Several parent-training programs are based on similar principles—a focus on shared attention and parental sensitivity to the child's communicative attempts, with the goal of enhancing communicative exchanges to promote communication understanding and social engagement (Aldred, Green, & Adams, 2004). Kasari, Gulsrud, Wong, Kwon, and Locke (2010) conducted an 8-week (24 sessions) parent training approach focusing on joint engagement, joint attention, and interactive play. Following treatment and at 1-year follow-up, they found improvements in joint engagement (with parent), response to joint attention bids, and the number of functional play acts compared to a waitlist control group. In contrast, a recent trial of the Hanen More than Words (HMTW) program found no main effects on either parental responsivity or children's communication (Carter, Messinger, Stone, Celimli, Nahmias, & Yoder, 2011).

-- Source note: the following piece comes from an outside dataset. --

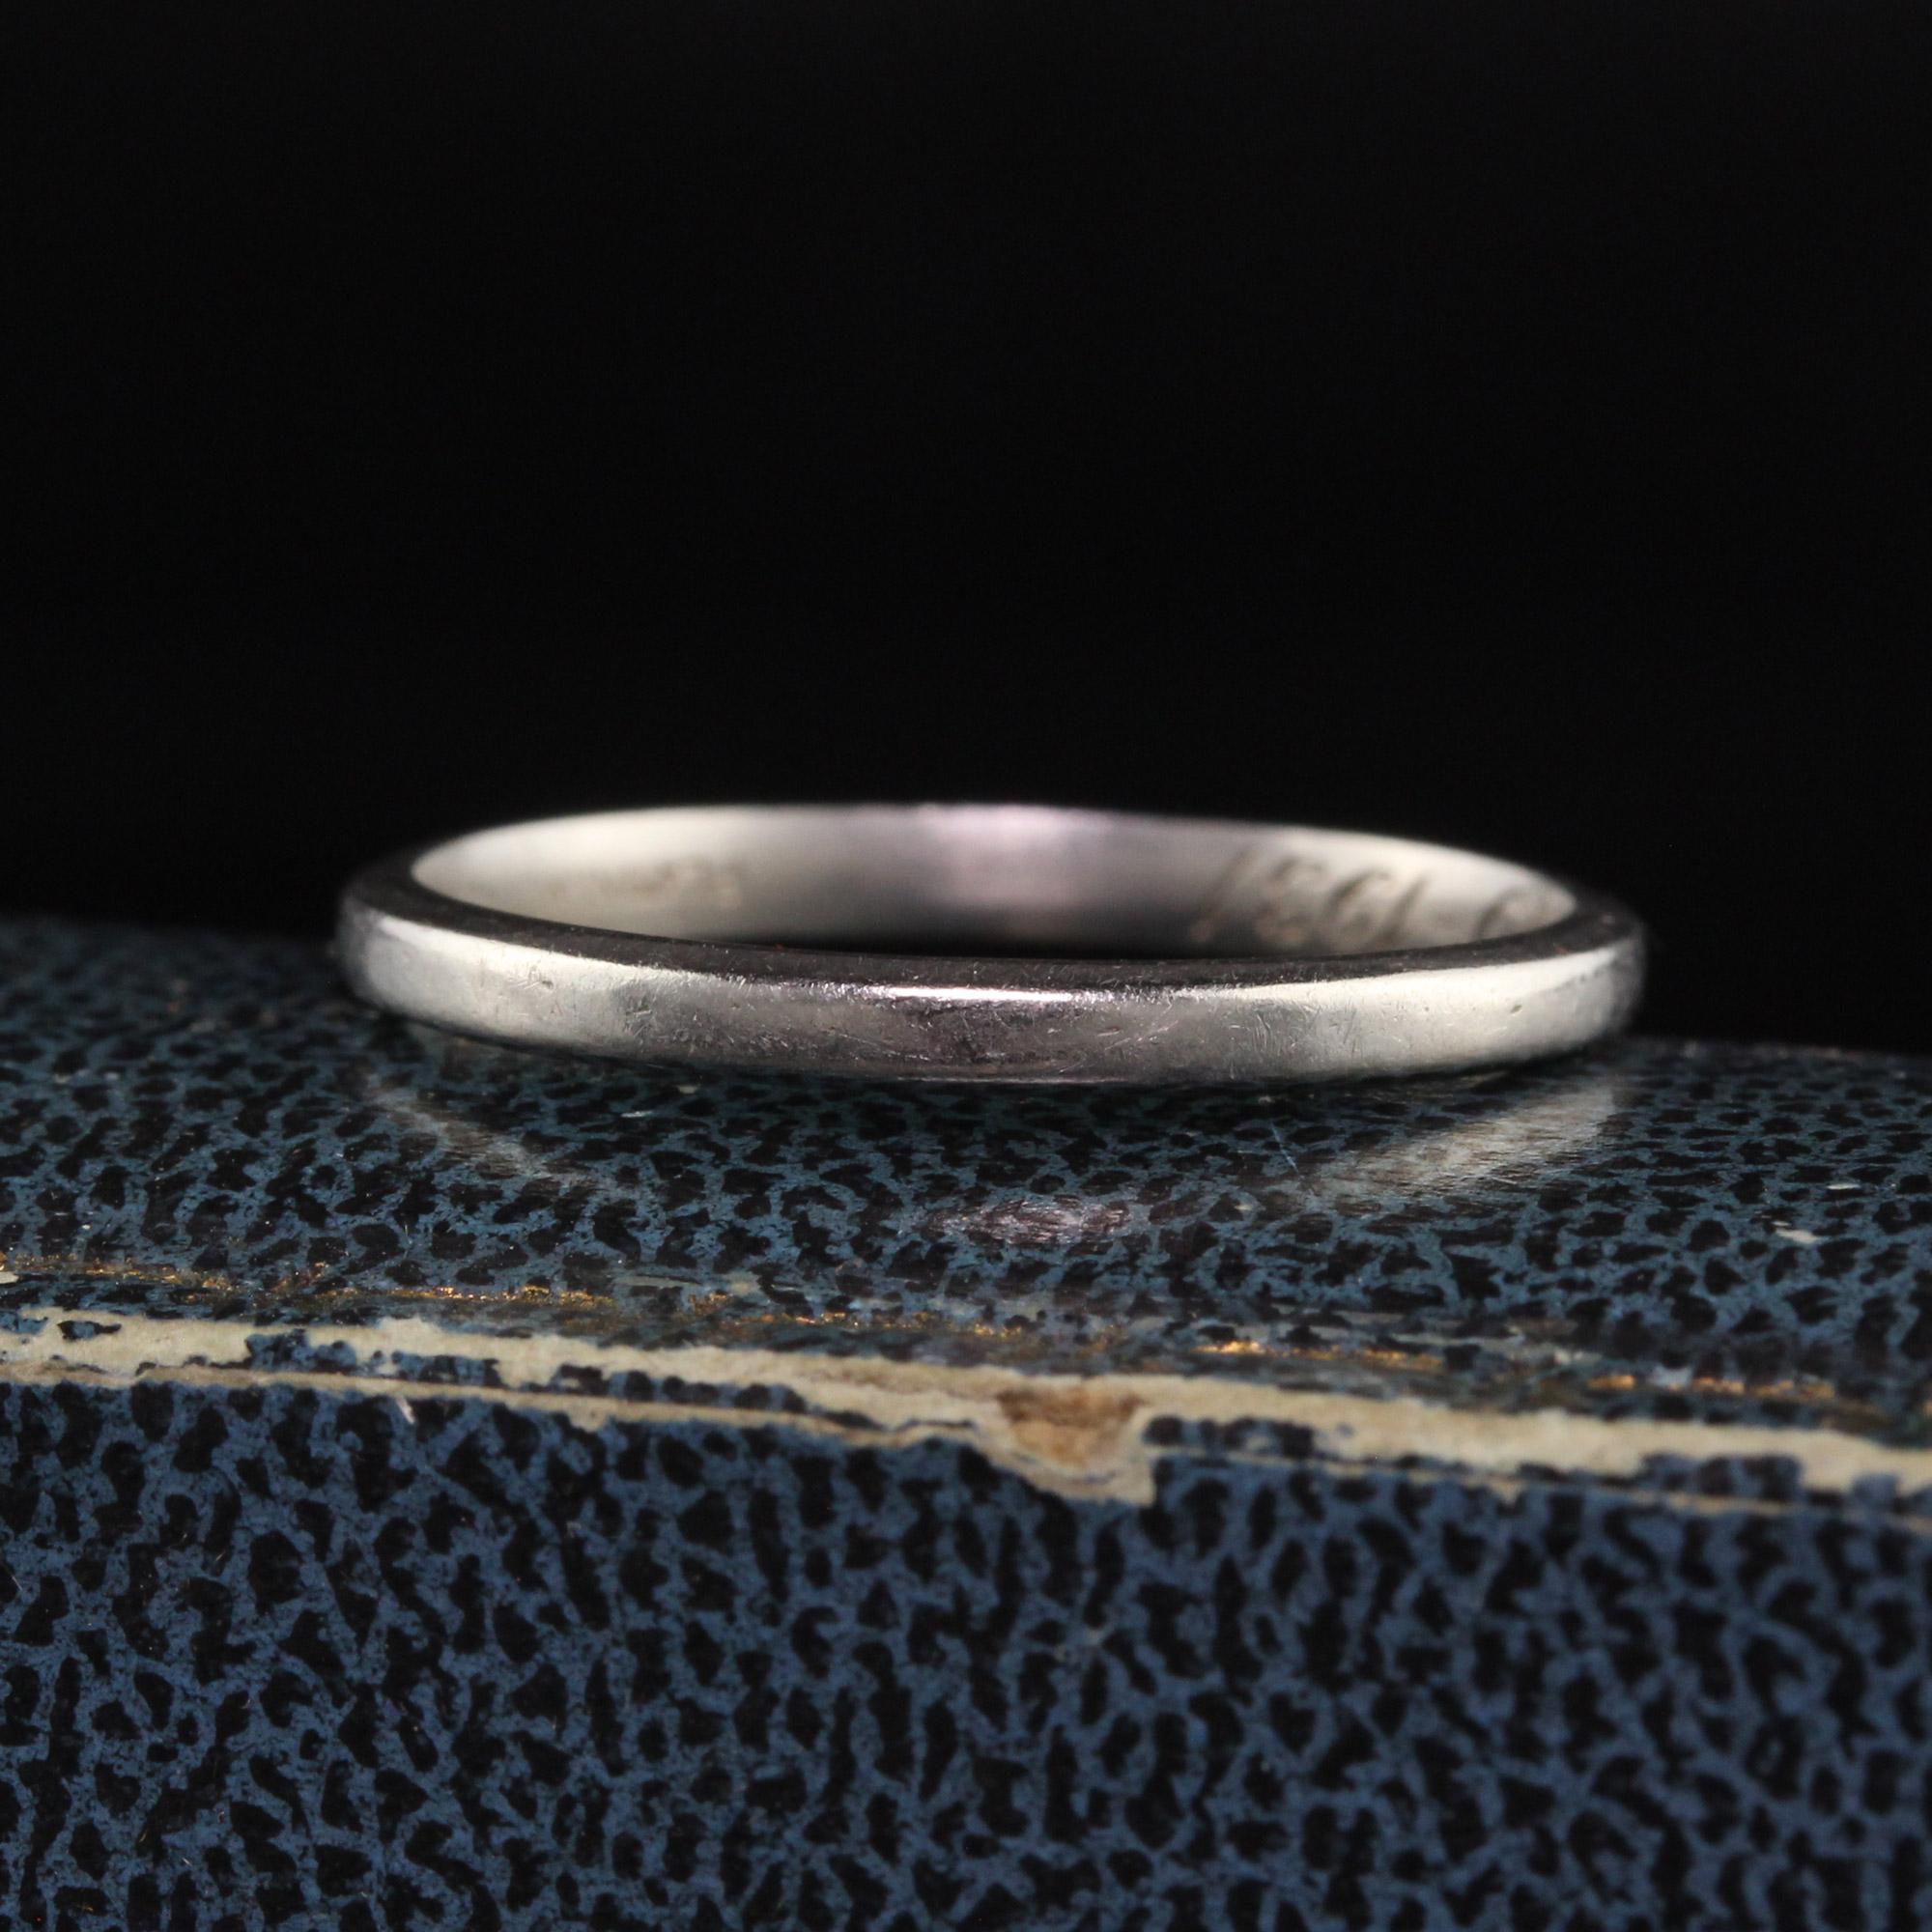 Beautiful Antique Art Deco Platinum Engraved Classic Wedding Band. This classic wedding band is in great condition and has G. E. N To F. E. Y. Nov 19 - 1931

Green et al. (2010) reported on a large, multi-site RCT of the Preschool Autism Communication Trial (PACT) intervention developed from that piloted by Aldred et al. (2004). One hundred and fifty-two children were randomized to receive a parent-training program or community treatment as usual. The parent program was of moderate intensity, involving twice-monthly visits for 6 months and then six further monthly visits. The intervention was a video-aided program designed to increase parental sensitivity and responsiveness to child communication, as well as promoting action routines, the use of pauses and supportive language. Green et al. (2010) found no evidence of a group difference on symptom severity scores measured by the Autism Diagnostic Observation Schedule (ADOS; Lord, Risi, Lambrecht, Cook, Leventhal, DiLavore, et al., 2000), but did find improvements of a large effect in blinded ratings of parental synchrony and child initiations in parent–child interactive play. They also found positive effects on parent-reported measures of language and early social communication skills which, while non-blinded, benefitted from parental knowledge of the child's communicative behaviour in a range of contexts.

Employing a combination of both developmental and behavioural approaches with greater intensity, Dawson, Rogers, Munson, Smith, Winter, Greenson, et al. (2010) randomized 24-month-olds to receive the Early Start Denver Model (ESDM) or local community treatments. They describe the ESDM approach as based on teaching strategies that involve interpersonal exchange, shared engagement, adult responsivity, and sensitivity. Therapists delivered a mean of 15 hours of ESDM over a 2-year period and parents, who were also trained in the approach, reported spending 16 hours per week using ESDM strategies. The ESDM group increased their IQ compared to the control group, with most of the change being the result of improved language skills. Improvements in communication were also found on (non-blinded) parent reported adaptive behaviour. However, Dawson et al. (2010) found no changes in symptom scores as measured with the ADOS. Recently, a briefer 12-week parent-mediated version of ESDM found no significant effects (Rogers, Estes, Lord, Vismara, Winter, Fitzpatrick, et al., 2012).

It is too early to draw firm conclusions from this new wave of studies, but behaviours proximal to the intervention delivered may be more amenable to change, in particular when measured using dyadic interaction measures of joint attention and symbolic play (Kasari et al., 2006, 2008); joint engagement (Kasari et al., 2010); parental synchrony (Green et al., 2010); and socially engaged imitation (Landa et al., 2011). There is a more equivocal pattern when one examines effects on downstream variables such as formal language measures. Improvements on standardized measures of language and communication were found in some cases (Dawson et al., 2011; Kasari et al., 2008), but not others (Carter et al., 2010; Green et al., 2010; Landa et al., 2011). However, in the only studies examining autism symptom severity, this has not been amenable to change (Dawson et al., 2010; Green et al., 2010). Understanding the mechanisms that underlie this attenuation of treatment effects from directly targeted proximal behaviours (in the child, in the parents) to more distal behaviours of language and social communication and onto autism severity, and how these can be overcome, is a key challenge for future studies.